In [5]:
# import necessary libraries
import numpy as np
import pandas as pd 
import seaborn as sns
import matplotlib.pyplot as plt
%matplotlib inline

In [6]:
power = pd.read_csv("https://archive.ics.uci.edu/ml/machine-learning-databases/00235/household_power_consumption.zip", sep = ';', header=0, low_memory=False,na_values = '?', parse_dates={"Datetime":['Date','Time']},index_col=["Datetime"])
power_data = power.copy()
power_data.head()

Unnamed: 0_level_0,Global_active_power,Global_reactive_power,Voltage,Global_intensity,Sub_metering_1,Sub_metering_2,Sub_metering_3
Datetime,Unnamed: 1_level_1,Unnamed: 2_level_1,Unnamed: 3_level_1,Unnamed: 4_level_1,Unnamed: 5_level_1,Unnamed: 6_level_1,Unnamed: 7_level_1
2006-12-16 17:24:00,4.216,0.418,234.84,18.4,0.0,1.0,17.0
2006-12-16 17:25:00,5.36,0.436,233.63,23.0,0.0,1.0,16.0
2006-12-16 17:26:00,5.374,0.498,233.29,23.0,0.0,2.0,17.0
2006-12-16 17:27:00,5.388,0.502,233.74,23.0,0.0,1.0,17.0
2006-12-16 17:28:00,3.666,0.528,235.68,15.8,0.0,1.0,17.0


In [8]:
power_data.replace({'?': np.nan},inplace=True)    #changing missing values with '?' to the NaN
power_data.isnull().sum()    #check NaN missing values

TypeError: ignored

In [None]:
# change columns with 'object' dtype to float
for column in power_data.select_dtypes(include=['object']).columns:
  if column != 'Time':
    power_data[[column]] = power_data[[column]].astype('float')

power_data.info()

In [None]:
#Filling missing data with respective column mean
power_data = power_data.fillna(power_data.mean())
power_data.isnull().sum()

In [None]:
#downsample data to daily data points
power_daily = power_data.resample('D').sum()
power_daily.info()

In [None]:
#plot of the daily global_active_power over time
plt.figure(figsize=(10,6))
plt.plot(power_daily.index, power_daily.Global_active_power, '--')
plt.grid()
plt.xlabel('Day')
plt.ylabel('G_A_P')

In [None]:
#Pearsons correlation between global active and reactive power
print(round(power_daily['Global_active_power'].corr(power_daily['Global_reactive_power']), 2))

In [None]:
#Pearsons correlation between Voltage and Global_intensity
print(round(power_daily['Global_intensity'].corr(power_daily['Voltage']), 2))

In [None]:
# reset index
power_daily = power_daily.reset_index()
power_daily.head()

In [None]:
# select columns for predictive model
model_data = power_daily[['Datetime', 'Global_active_power']]
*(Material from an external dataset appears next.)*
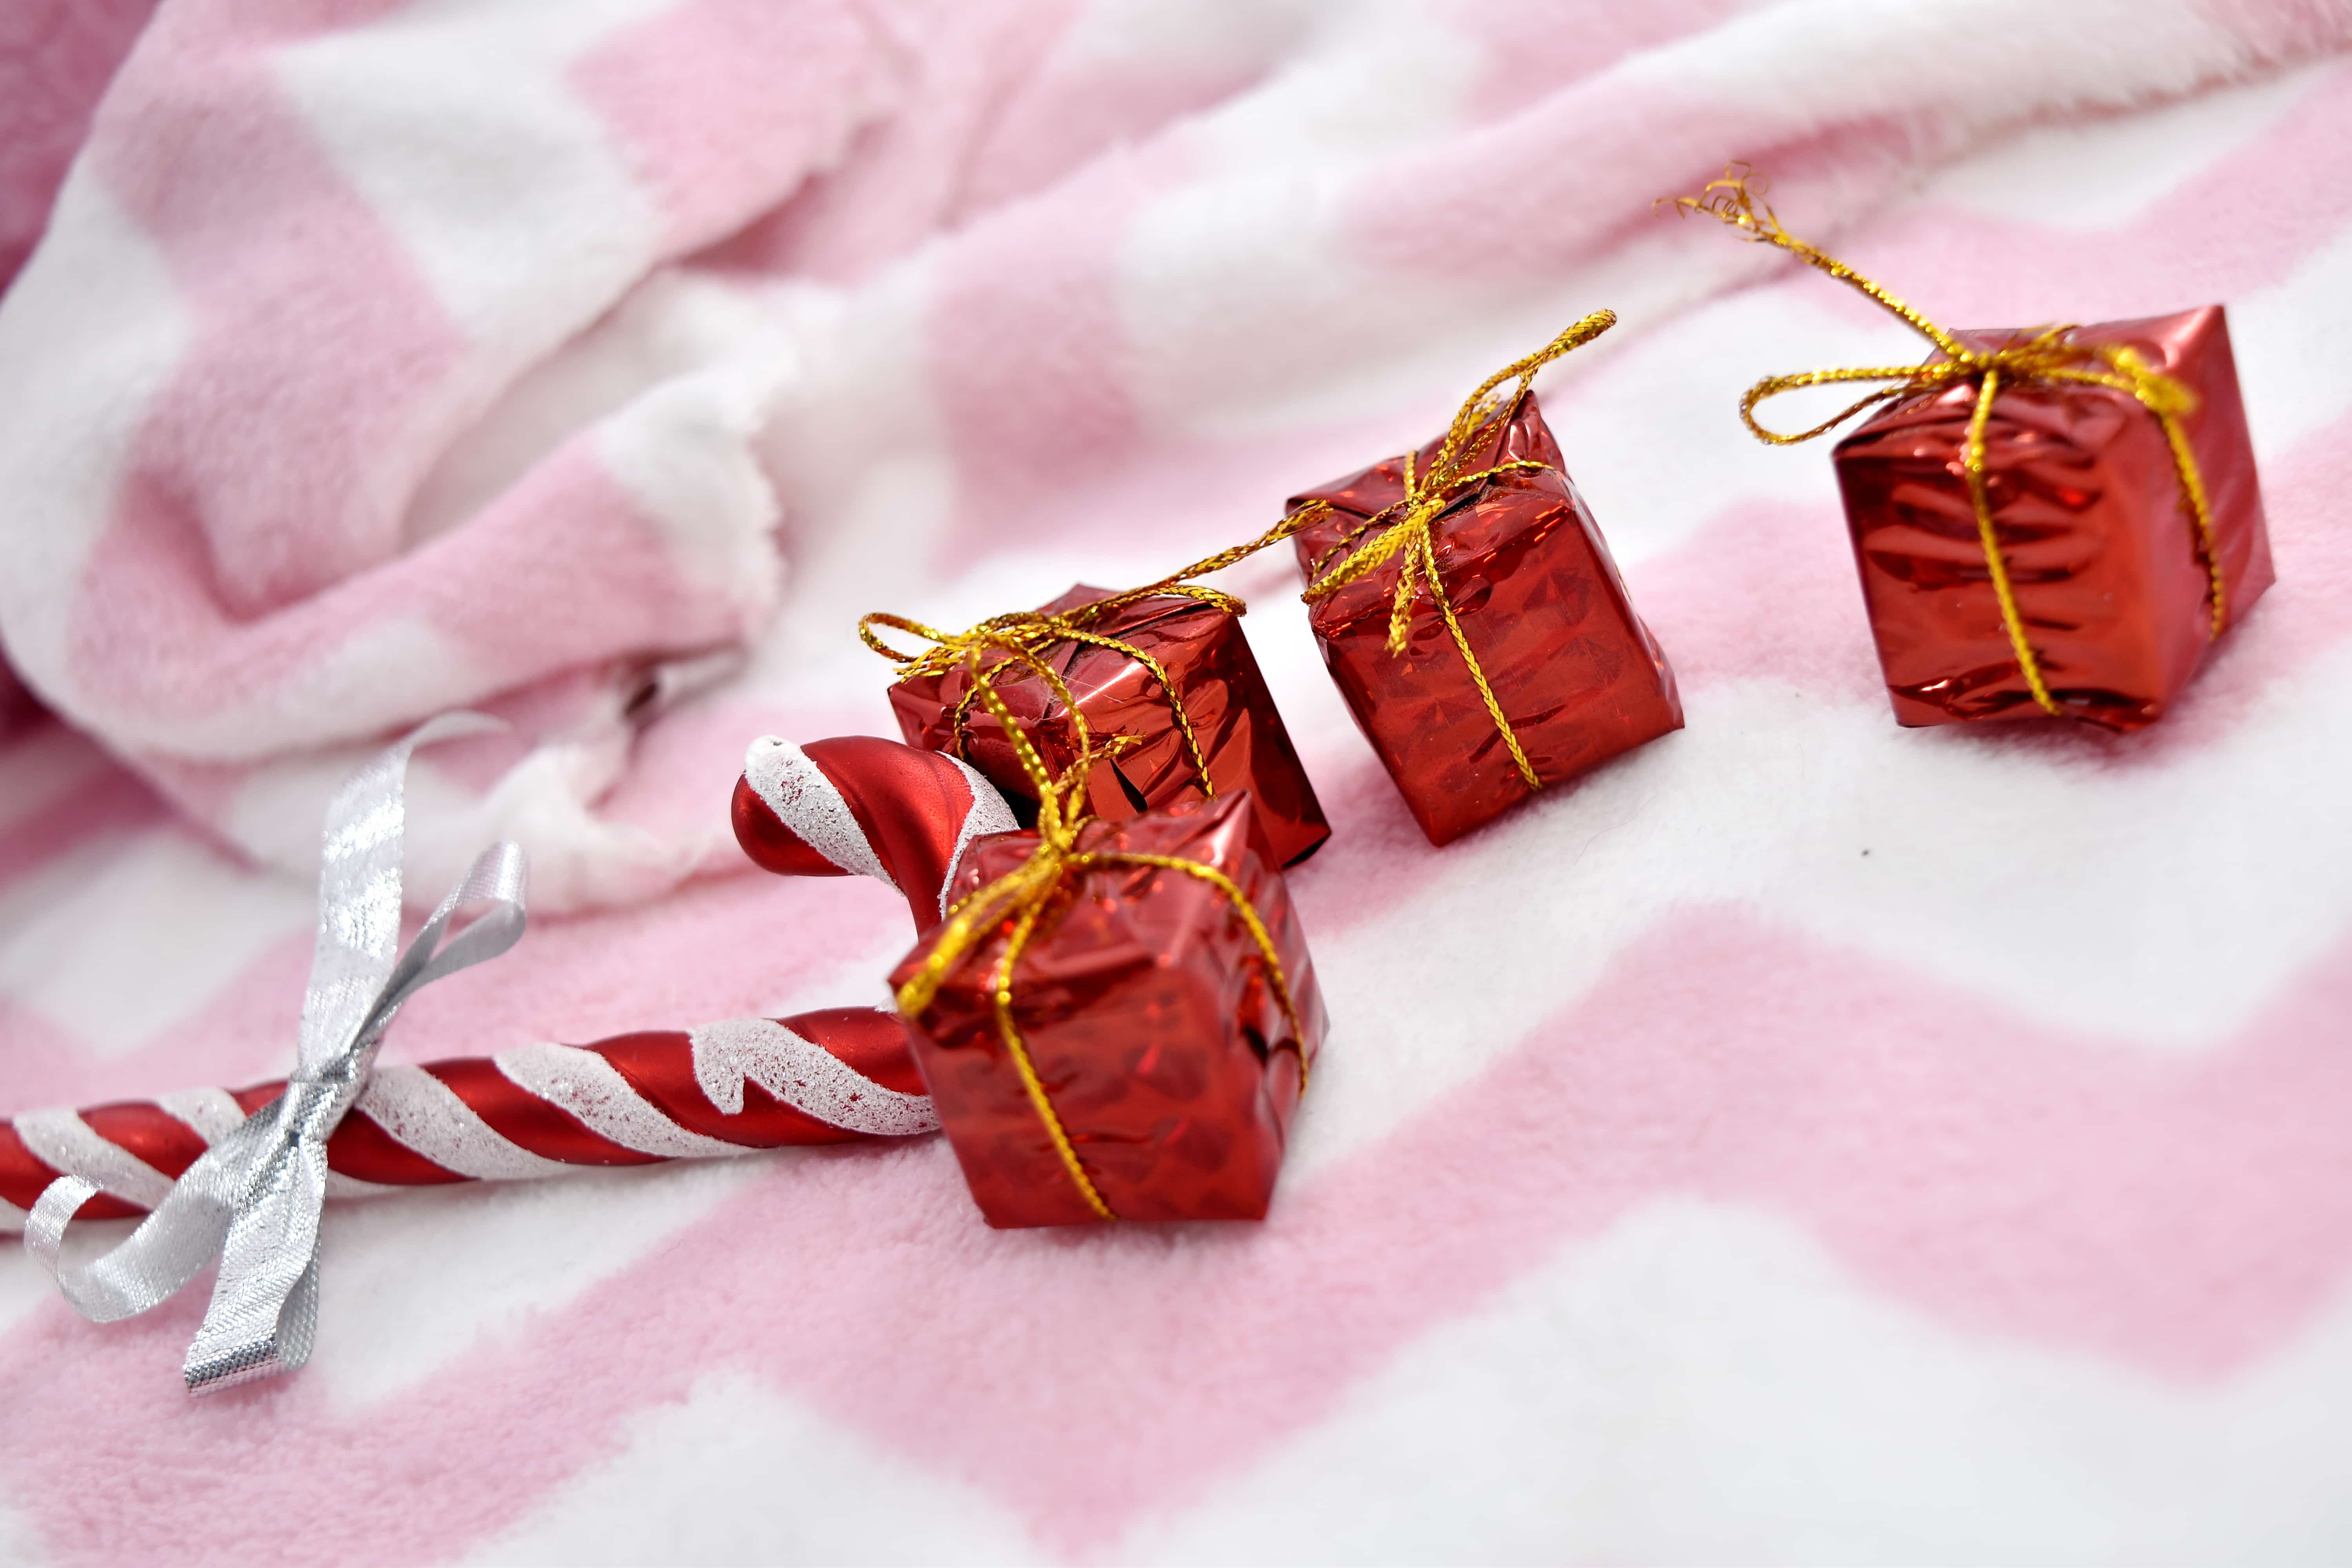 Image libre: couverture, cadeaux, nouvel an, Paquets, surprise, amour,  bonbons, cadeau, célébration, Shining

#rename columns to 'ds' and 'y' respectively
model_data = model_data.rename(columns={'Datetime':'ds', 'Global_active_power':'y'})

model_data.head()

In [None]:
# assign train and test data
train = model_data[:-365]
test = model_data[-365:]
print('train shape', train.shape)
print('test shape', test.shape)

In [None]:
# fit train data to Fbprophet model
from fbprophet import Prophet
model = Prophet()
model.fit(train)

In [None]:
# predict for the next 365 days
#future = model.make_future_dataframe(periods=365, freq='D') 
forecast = model.predict(test) 
forecast.head()

In [None]:
#yhat is the prediction while yhat_lower and yhat_upper are the upper and lower boundaries
forecast[['ds', 'yhat', 'yhat_lower', 'yhat_upper', 'trend', 'trend_lower', 'trend_upper']]

In [None]:
mape = np.mean(np.abs(np.array(test['y']) - np.array(forecast.yhat[-365:]))/ np.array(test['y'])) *100
 
from sklearn.metrics import mean_squared_error
rmse = np.sqrt(mean_squared_error(np.array(test['y']),np.array(forecast['yhat'])))
 
print('mean_absolute_percentage_error', round(mape,2))
print('root mean_squared_error', round(rmse,2))

In [None]:
from fbprophet.plot import plot_yearly
plot_yearly(model)

In [None]:
 multi_model = power_daily.rename(columns = {'Datetime':'ds','Global_active_power':'y',
                                           'Global_reactive_power':'add1','Voltage':'add2',
                                           'Global_intensity':'add3','Sub_metering_1':'add4',
                                          'Sub_metering_2':'add5','Sub_metering_3':'add6'})
multi_model.head()

In [None]:
# assign train and test data
train2 = multi_model[:-365]
test2 = multi_model[-365:]
print('train shape', train2.shape)
print('test shape', test2.shape)

In [None]:
 #creat multivariate model
model2 = Prophet()
model2.add_regressor('add1')
model2.add_regressor('add2')
model2.add_regressor('add3')
model2.add_regressor('add4')
model2.add_regressor('add5')
model2.add_regressor('add6')

In [None]:
 
model2.fit(train2)
 
forecast2 = model2.predict(test2)

In [None]:
forecast2

In [None]:
 
#calculating mean absolute percentage error
mape2 = np.mean(np.abs(np.array(test2['y']) -np.array(forecast2['yhat']))/ np.array(test2['y'])) *100
round(mape2,2)

In [None]:
 
#calculate rmse
rmse2 = np.sqrt(mean_squared_error(np.array(test2['y']),np.array(forecast2['yhat'])))
round(rmse2,2)

In [None]:
 
# visualize each components (trends, monthly)
from fbprophet.plot import plot_weekly
plot_weekly(model2)